宽敞明亮的会议室中,来自咒术界高层的各方人士严阵以待,个个面容警惕,忌惮的目光齐刷刷落在了某位理直气壮霸占了头等座位的白发咒术师身上,但随着时间推移,这份忌惮逐渐化为了惊恐——

在所有人的注目下,刚刚还在大放厥词的一位年轻代表猝不及防被虚空中看不见的大手扼住了咽喉,

他的脸色涨得青紫,在窒息的压迫感下,脸上嚣张傲慢的表情霎时消失得无影无踪。
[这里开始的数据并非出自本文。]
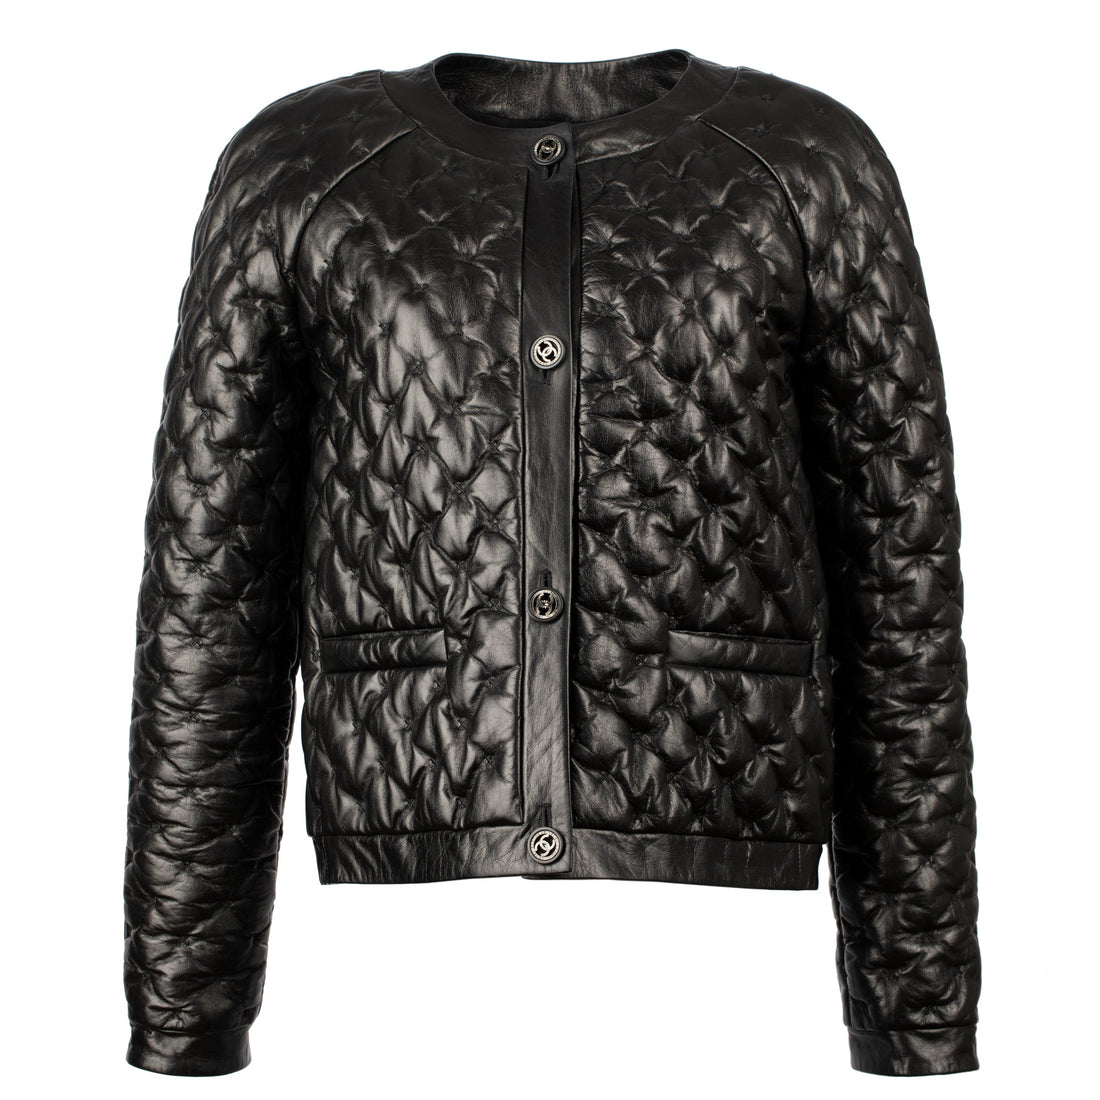 Chanel Iman Leather Jacket  Chanel Iman Leather Jacket Lookbook   StyleBistro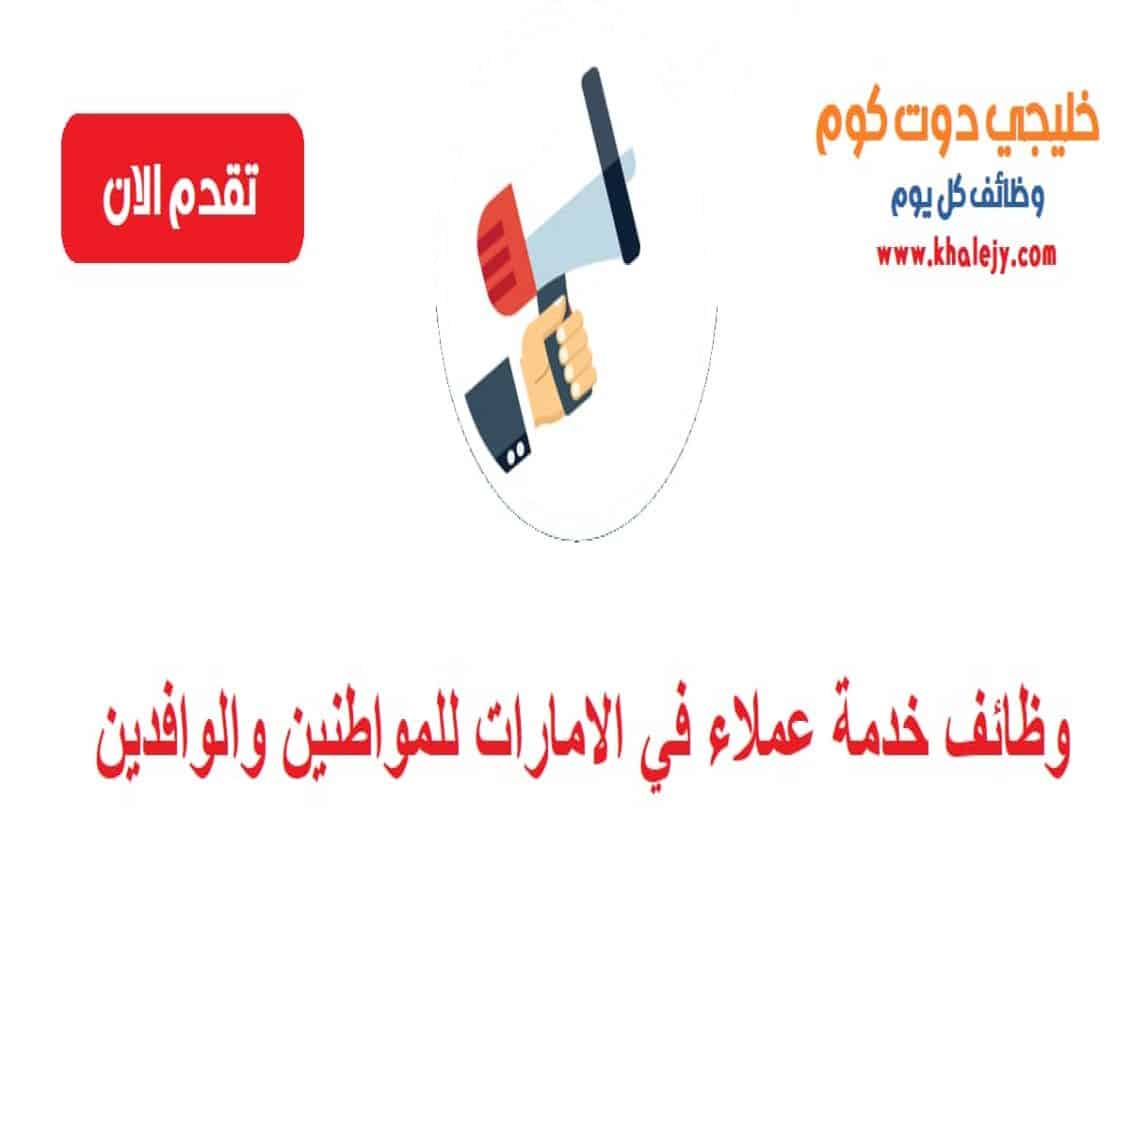 وظائف خدمة عملاء في ابوظبي للمواطنين والوافدين

年轻代表痛苦地抬起手在空荡荡的脖子上抓挠,似乎想将束缚着自己的东西给扯下来,可无论如何挣扎,却都无济于事。

无形的咒力轻轻松松将这名倒霉的代表吊了起来,他完全变成了一个任人搓扁揉圆的玩具,双脚被迫脱离了地面,一转眼脑袋就砰地一下撞在了天花板上,他努力朝自己的同僚投去求救的眼神,脸上的恐惧都快要溢出来了。

“救、救命……”年轻代表双腿乱蹬,艰难地从喉咙里挤出几个字。

面对这突如其来的场面,短暂的震惊过后,其中一个高层忍不住拍案而起,对着五条悟怒目而视:“五条悟,别太过分了,你竟然对高层的代表动手,这是想造反么!!”

“这可是冤枉我了,我有对他动手吗?你们看,我的手可是连他的衣角都没碰到呢。”这人举起手挥了挥,以示自己的无辜。

当然,在场并没有任何人相信他。

怒瞪着他的老头气得胡子抖了抖:“你不要故意装傻!”知道自己在五条悟这边讨不了好处,老头马上将矛头指向一直沉默不言的夜蛾正道,高声诘问道,“夜蛾,这就是你们高专的待客之道?”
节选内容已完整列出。